The Western News
- Type: Twice-weekly newspaper
- Format: Broadsheet
- Owner: Hagadone Media Group
- Publisher: Anton Kaufer
- President: Clint Schroeder
- General manager: Suzanne Resch
- Founded: 1902
- Headquarters: Libby, Montana
- Circulation: 3,000
- Website: thewesternnews.com

= The Western News =

The Western News is a twice-weekly newspaper in Libby, Montana. Its coverage area is southern Lincoln County, which includes the communities of Libby and Troy.

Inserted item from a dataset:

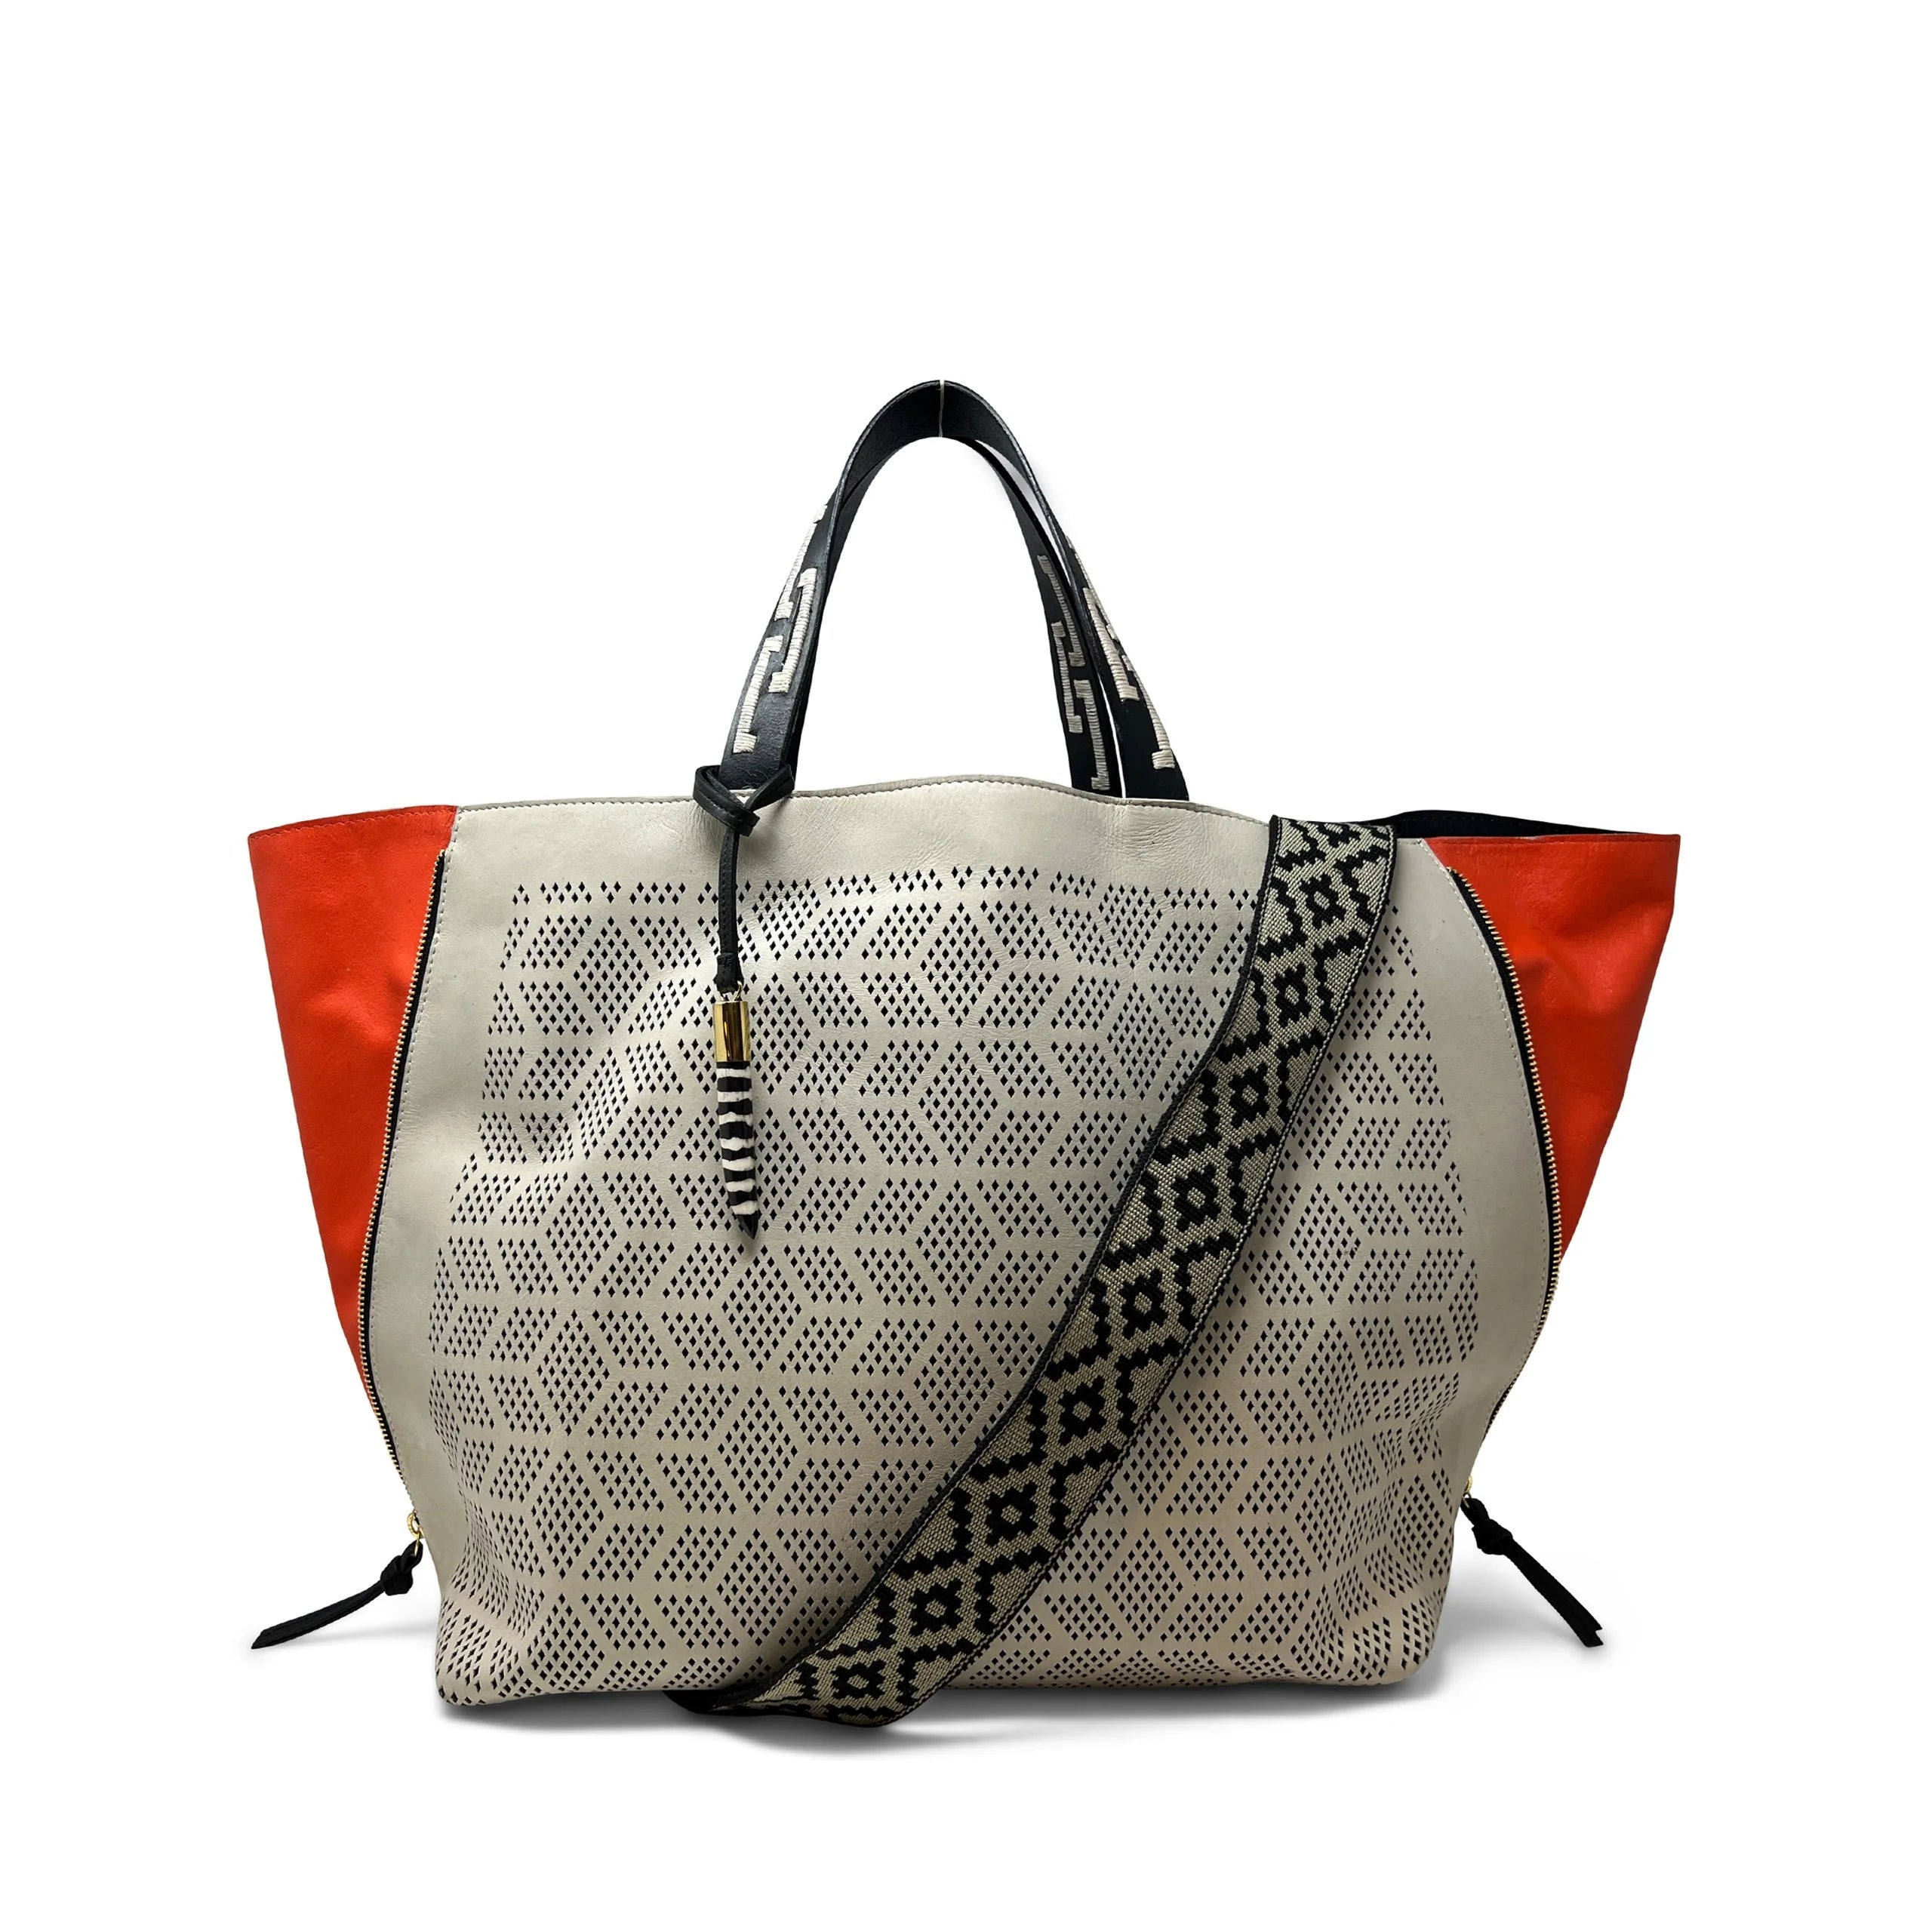 Bantham Tote - Chalk Double Diamond Perforated

The Western News was founded in 1902, and is owned by Duane Hagadone and the Hagadone Newspaper Group.

== History ==
The Western News was founded in 1902. In 1916, Kennedy & Lang sold the paper to Irvine & Griffin. C. A. Griffin sold his interests in the Western Montana Publishing Co. to Charles D. Rowe in 1923. Rowe operated the paper for 22 years until selling it in 1945 to W. R. Littell. Littell sold it in 1960 to Paul Verdon and Ray Denning. W. C. and Clark King purchased the Western News from Paul Verdon and his wife Elaine in 1979. Mark and June McMahon owned the paper for 17 years until selling it to Hagadone Investment Co. in 1999. Owner Duane B. Hagadone died in 2021.